21st Sunday of Ordinary TimeAug. 23, 2009
Collect; Eph 5: 21-32
Christian Brothers, Iona College
Ursulines, Willow Drive
“Father, help us to seek the values that will bring us lasting joy in this changing world. In our desire for what you promise, make us one in mind and heart” (Collect).
The world is changing faster than ever, and the older we get, the faster it seems to be changing: politics, science, technology, pop culture, slang, fashion, the climate, etc., etc., etc.
Amid all that, our Collect or Opening Prayer speaks of “lasting joy”—“lasting joy in this changing world.” Is there something that lasts amid all the change, and the turmoil and confusion linked with change, amid the faster and faster pace of life? Our faith is based, as the Letter to the Hebrews tells us, on Jesus Christ, “the same yesterday, today, and forever” (13:8). The prayer speaks of “values that will bring us lasting joy,” suggesting they’re within our reach, attainable, but perhaps not readily evident.
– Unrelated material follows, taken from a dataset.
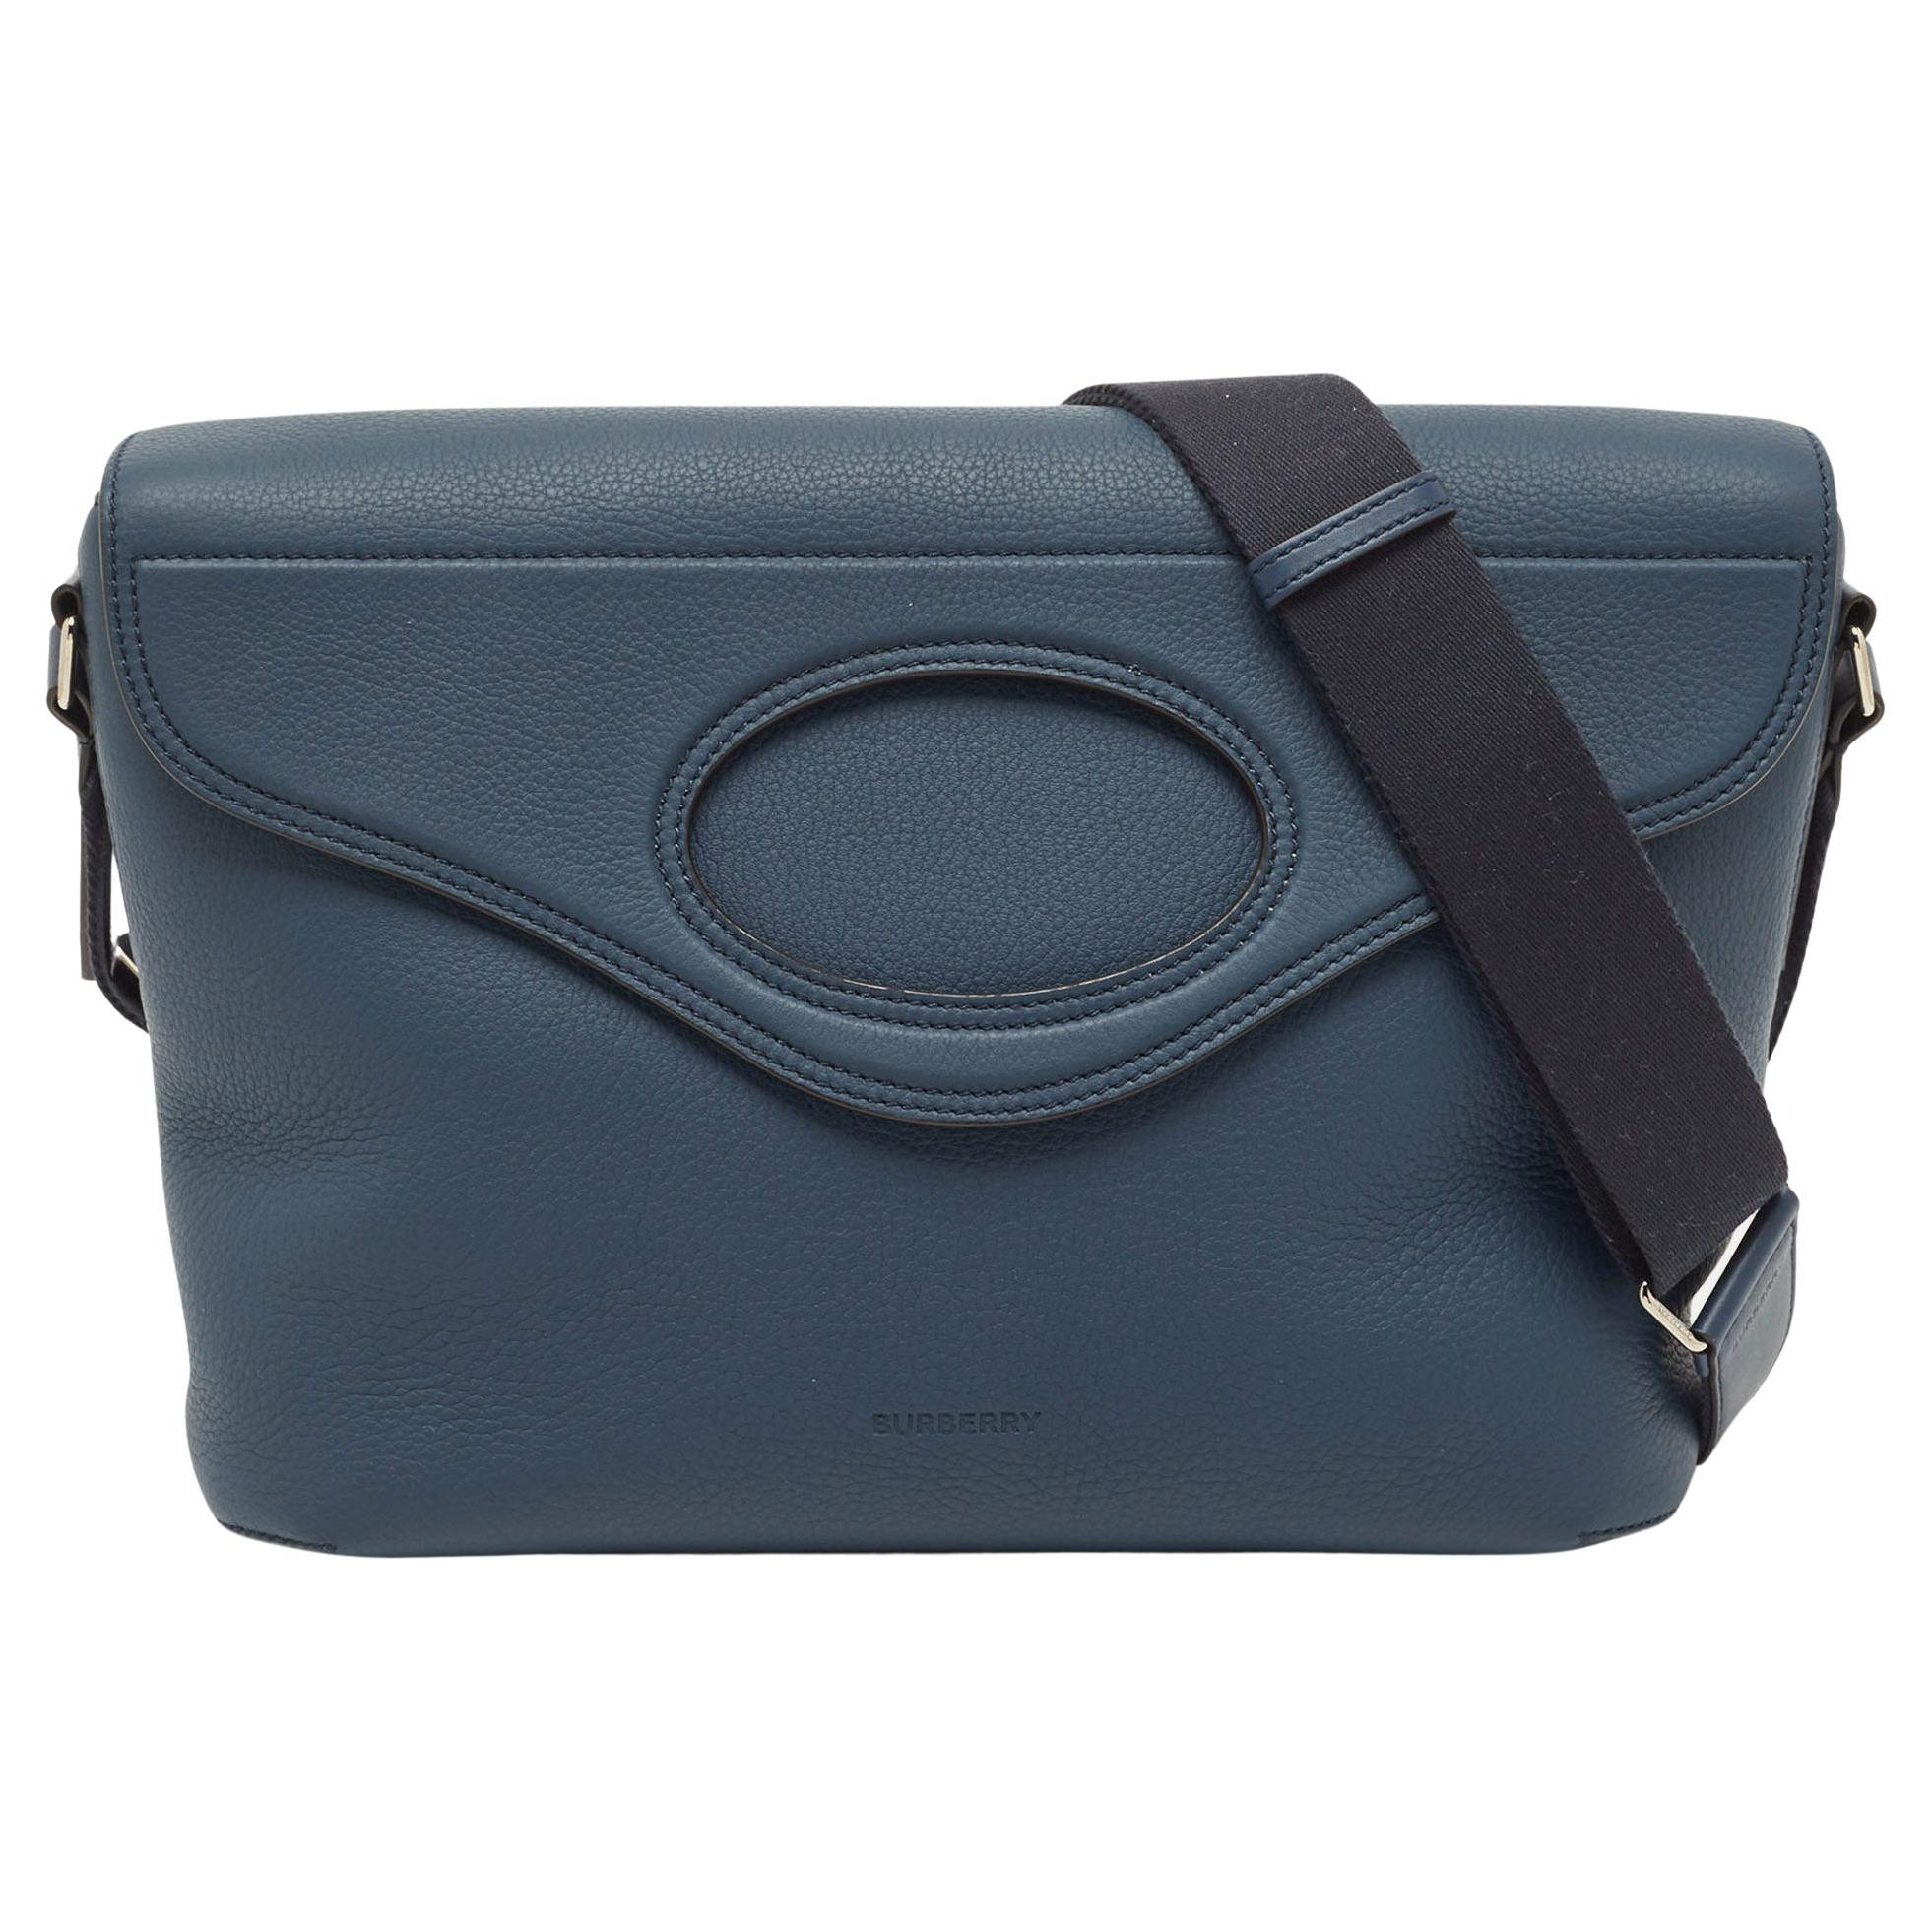 Burberry Blue Leather Large Pocket Messenger Bag

They’re the values of Jesus Christ, of course, those values we pursue and treasure as his disciples. They’re the values we “desire,” quoting the prayer again, the values that are related to God’s promises.
The prayer links all this—values, lasting joy, our desires—to oneness in mind and heart. So does St. Paul in today’s second reading.
I opted for the longer, politically incorrect form of that reading. We don’t serve our discipleship well or grow in our relationships with God and one another by dodging passages that are difficult, especially when the difficulty is so superficial.
Unity, love, reverence are the keys to that reading. Nothing superficial.
Of course it’s true that Paul refers to the cultural mores of his time. Those are superficial. Our cultural mores are different, and they too are superficial. The essence of Paul’s message is the same now as it was when he wrote it: a lasting value. Spouses are to love each other as Christ loves the Church, to give themselves for each other as Christ gave himself, to serve each other as Christ serves the Church. There’s a reason why marriage is a sacrament: it’s a sign of the relationship between Christ and the Church. “This is a great mystery” (Eph 5:32), and mystery is another word for sacrament. In fact, sacramentum is the Latin translation of Paul’s mysterion, which signifies the deep or hidden meaning of certain realities, in this case the realities of our life in Jesus Christ.

The married with their families create “a domestic Church,” in that priceless phrasing of Vatican II (Lumen gentium, n. 11; cf. Gaudium et spes, n. 48). The two who become one flesh (Eph 5:31) are generative of life both physical and spiritual. The religious also is generative, perhaps in a social manner thru his or her educational or other apostolate, but especially in a spiritual manner by fostering in people a desire for the promises of God, for lasting joys that have no material basis but a basis solely in God’s own life, shared with us so that we “might be holy and without blemish … because we are members of his body” (Eph 5:27,30).